* [Try it]: Reproduce everything from the line that contains "Kit Almofada &" down to the line that contains "RESTAURANT REVIEW #" in the listing below, word for word and nothing more. Leave the pictures out.

* [Records supplied]:
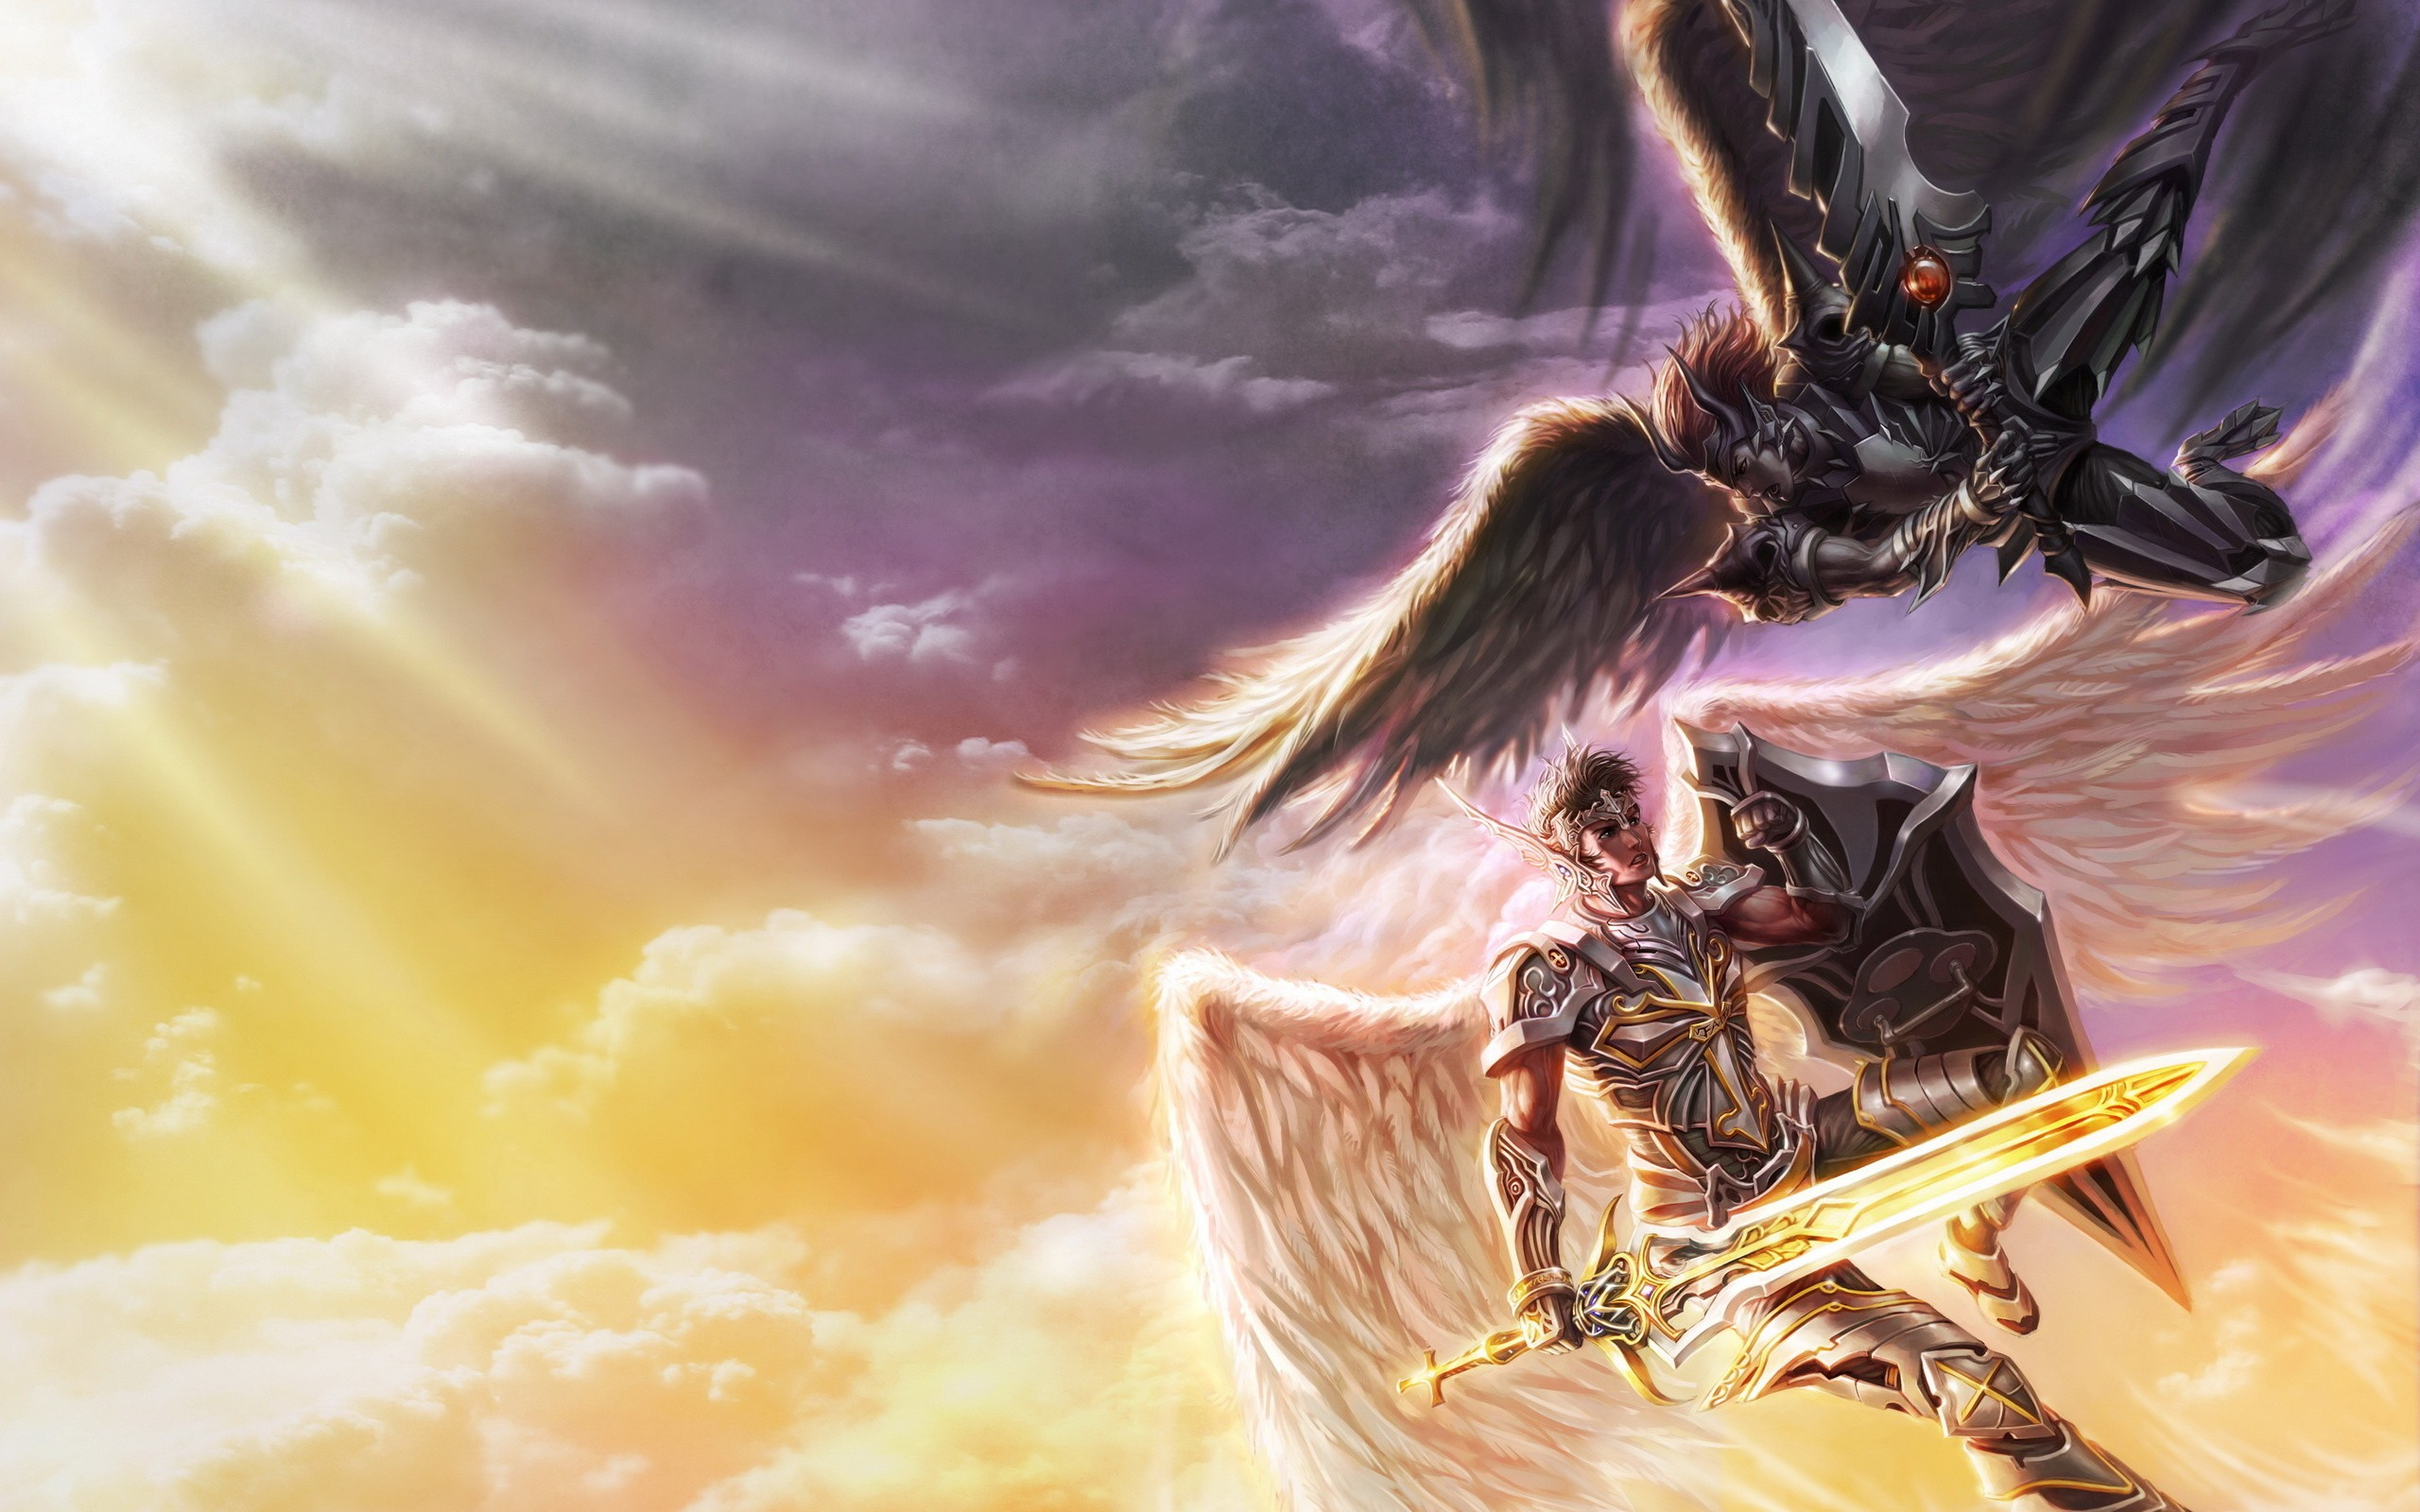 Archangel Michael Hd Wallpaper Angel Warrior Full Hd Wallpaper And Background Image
* * *
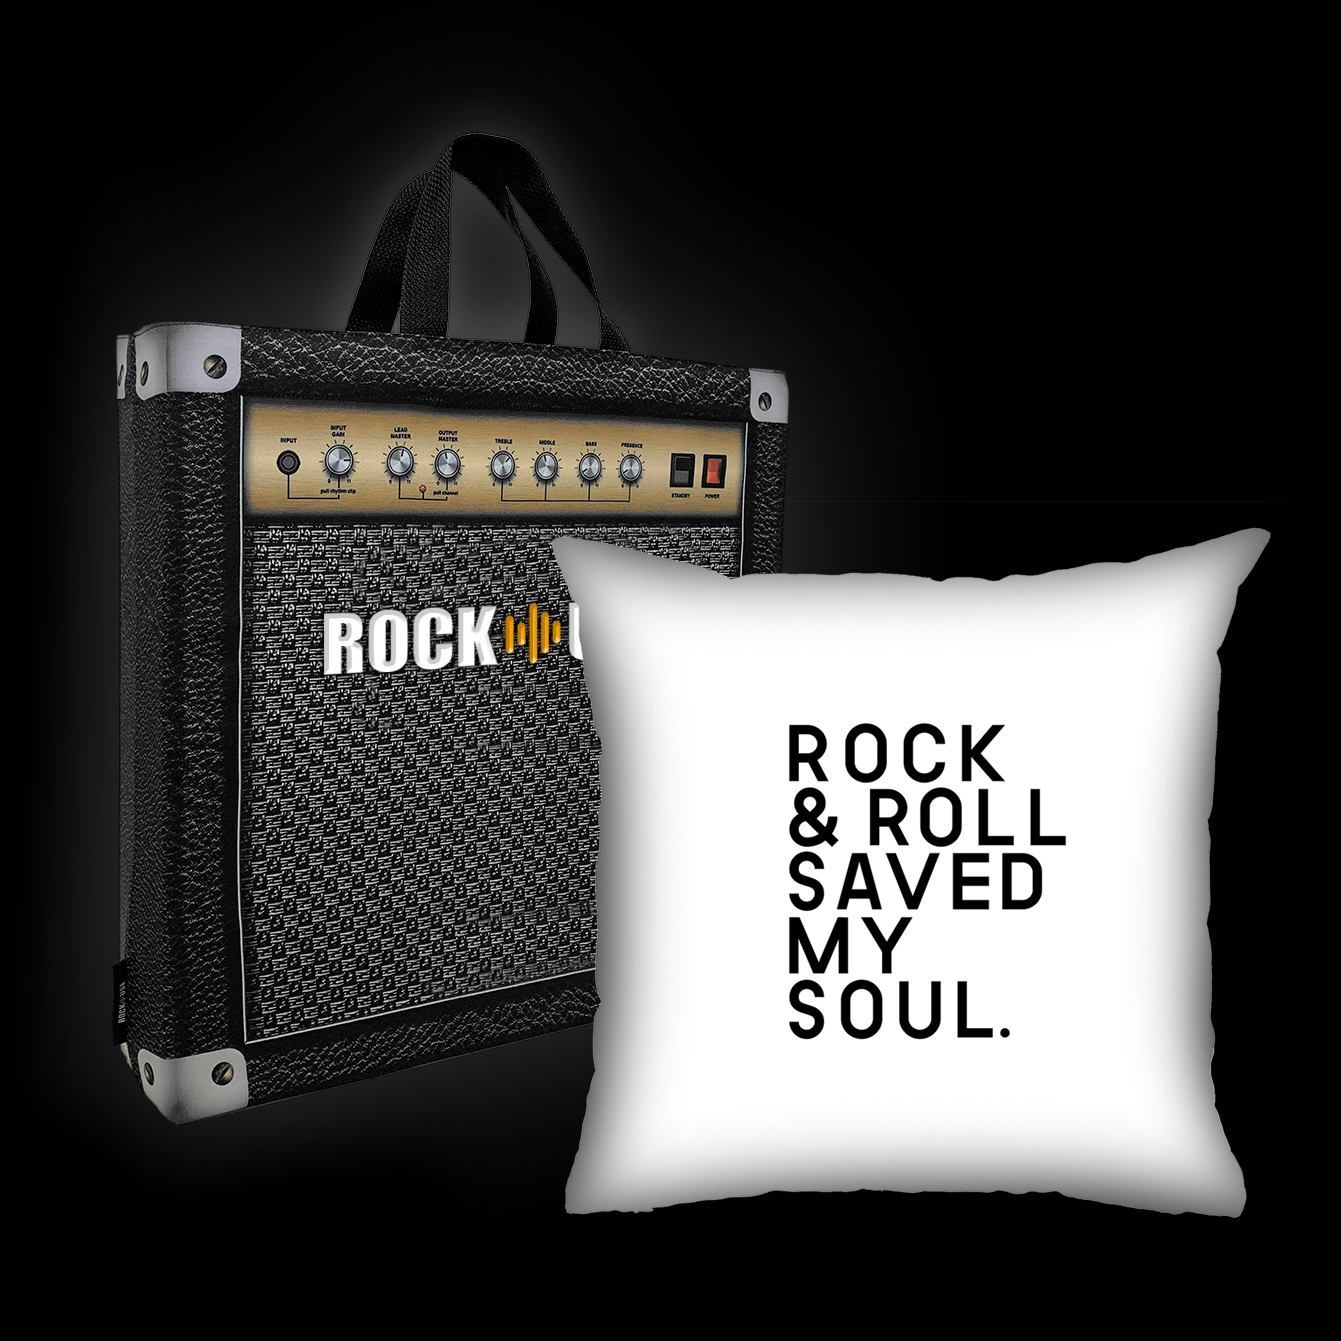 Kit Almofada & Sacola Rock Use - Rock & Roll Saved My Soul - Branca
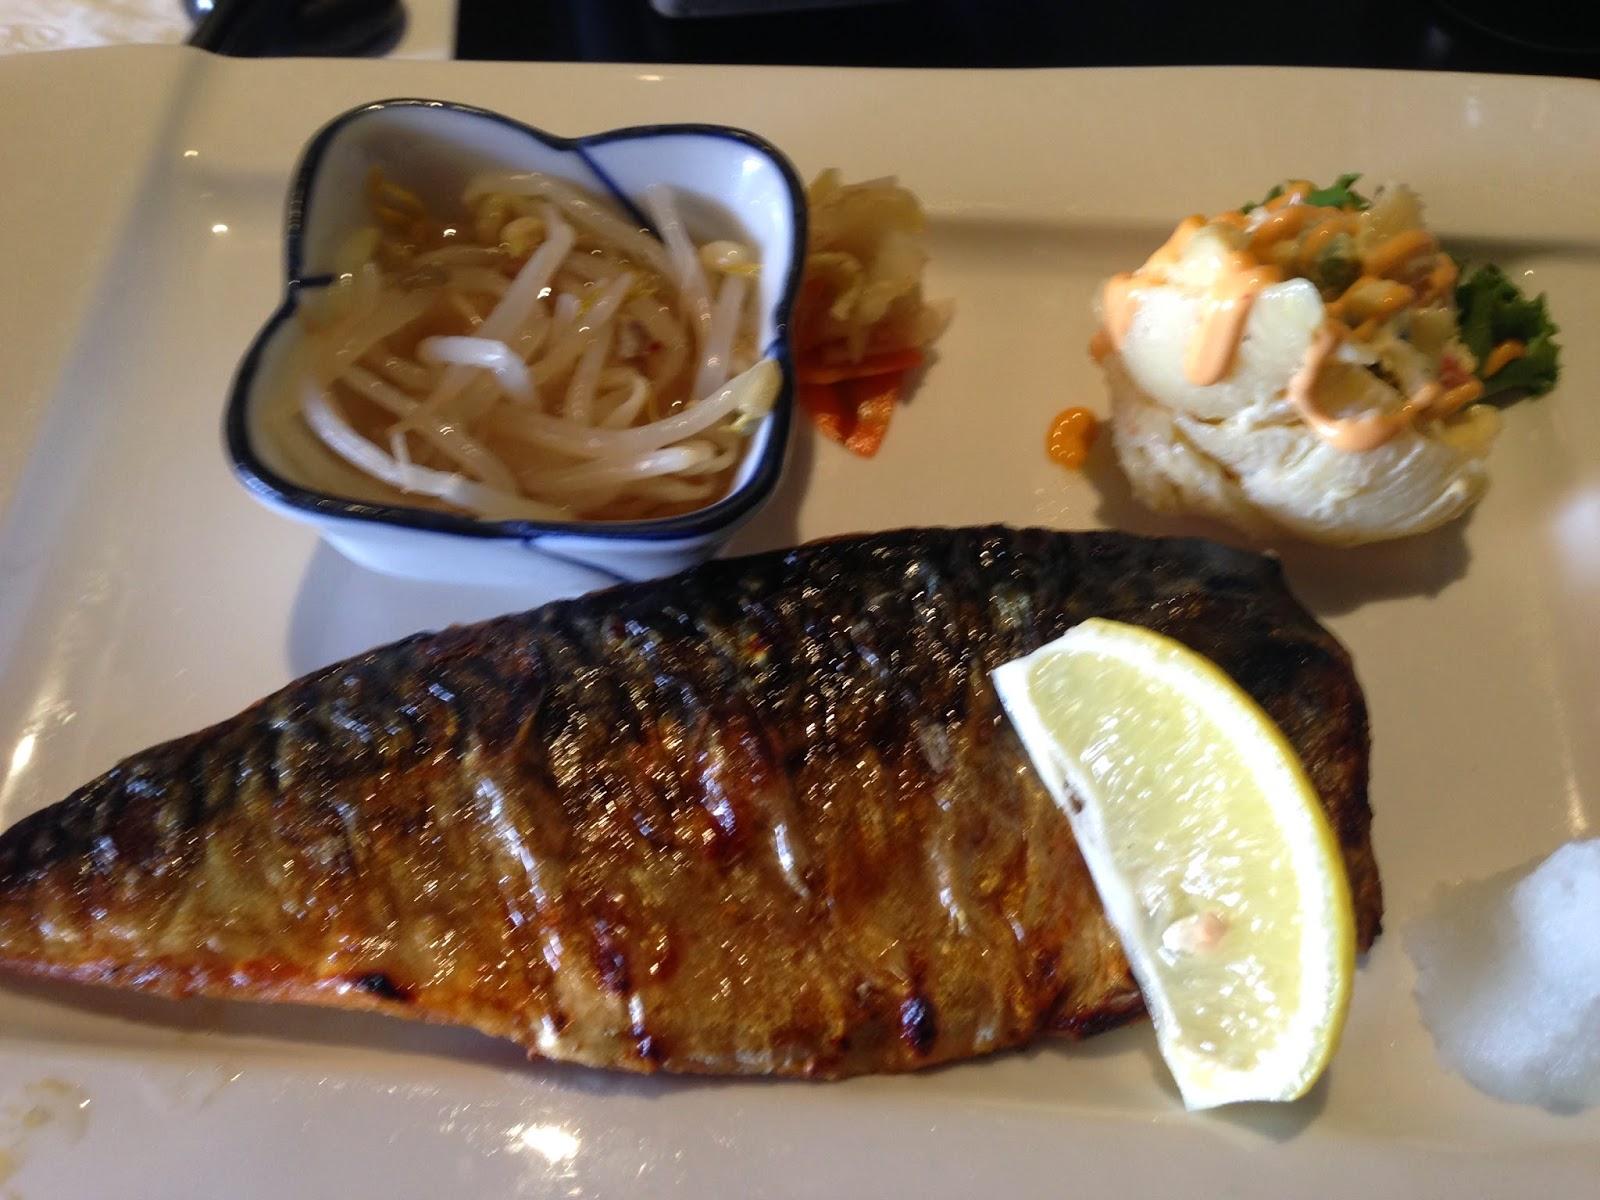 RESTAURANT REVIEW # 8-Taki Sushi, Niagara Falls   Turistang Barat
---
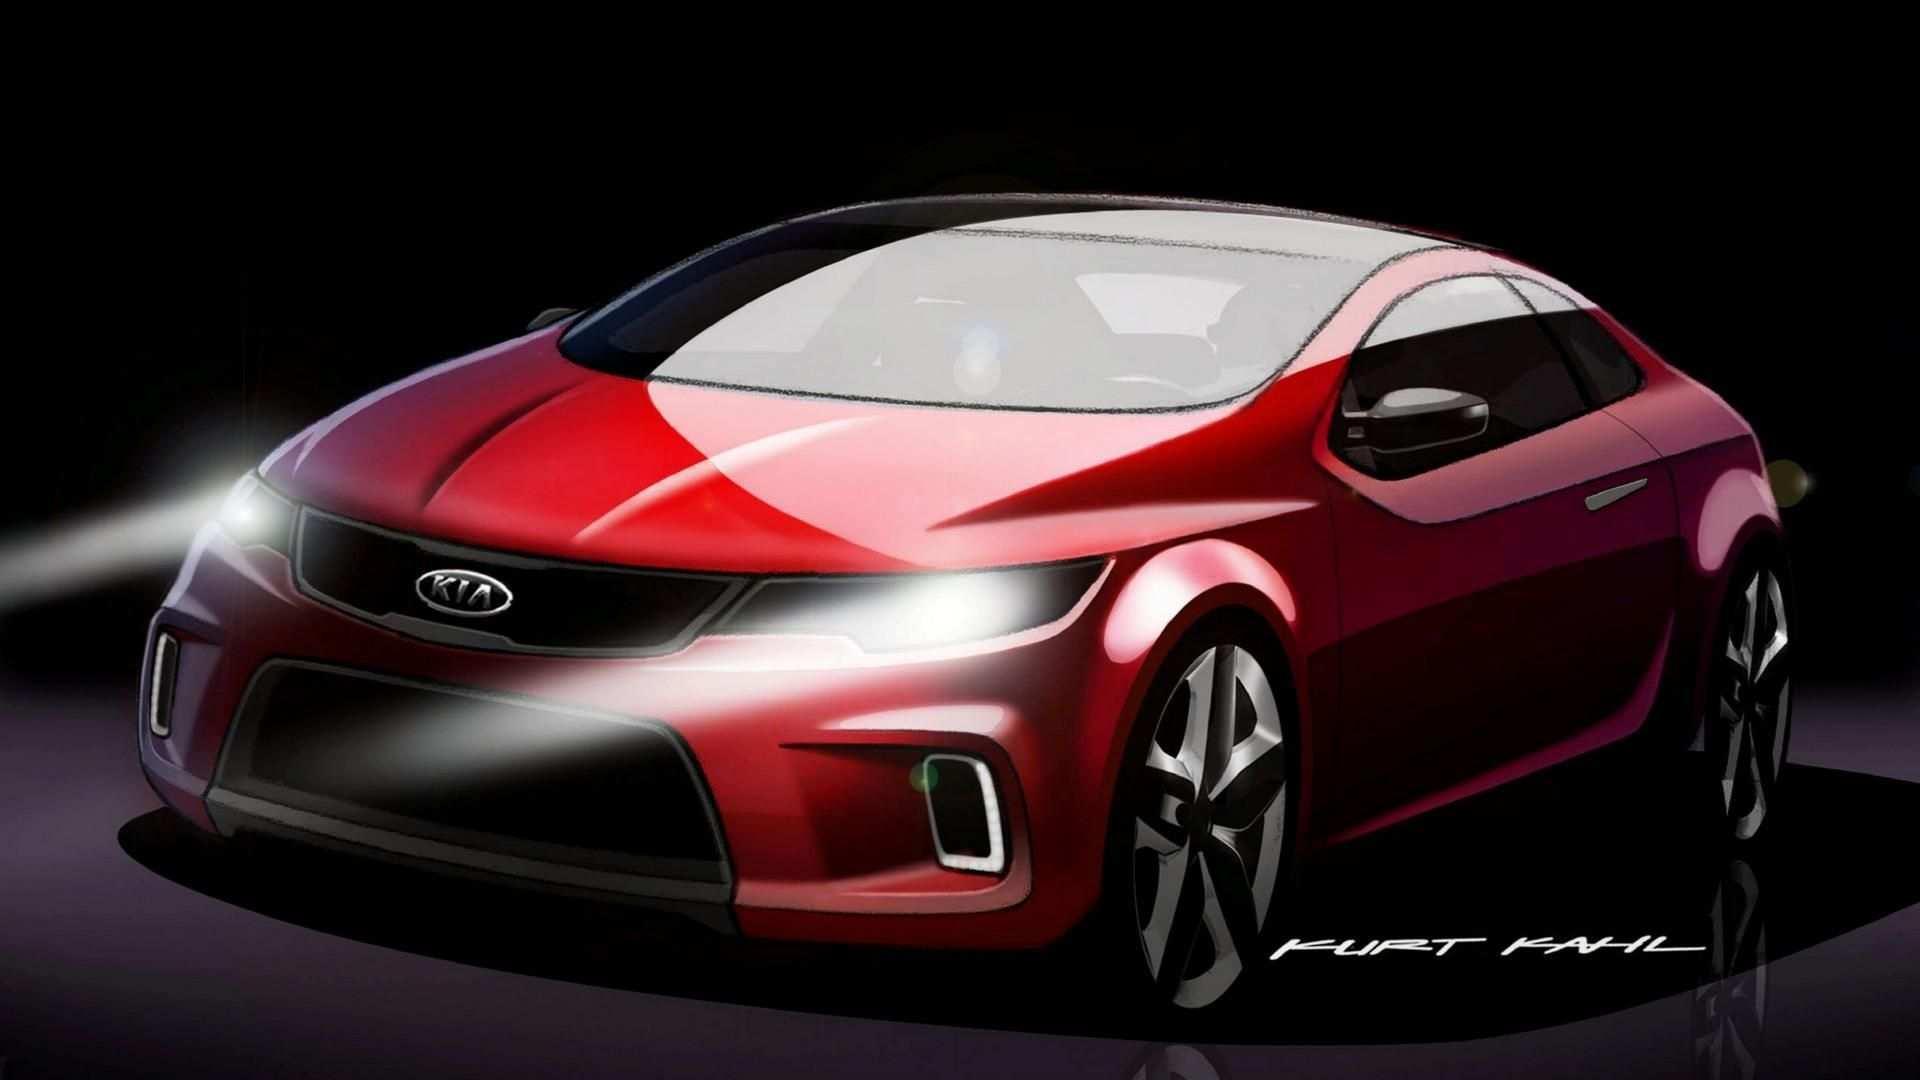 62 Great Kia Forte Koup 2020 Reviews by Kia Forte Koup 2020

* [Result below]:
 Kit Almofada & Sacola Rock Use - Rock & Roll Saved My Soul - Branca
 RESTAURANT REVIEW # 8-Taki Sushi, Niagara Falls   Turistang Barat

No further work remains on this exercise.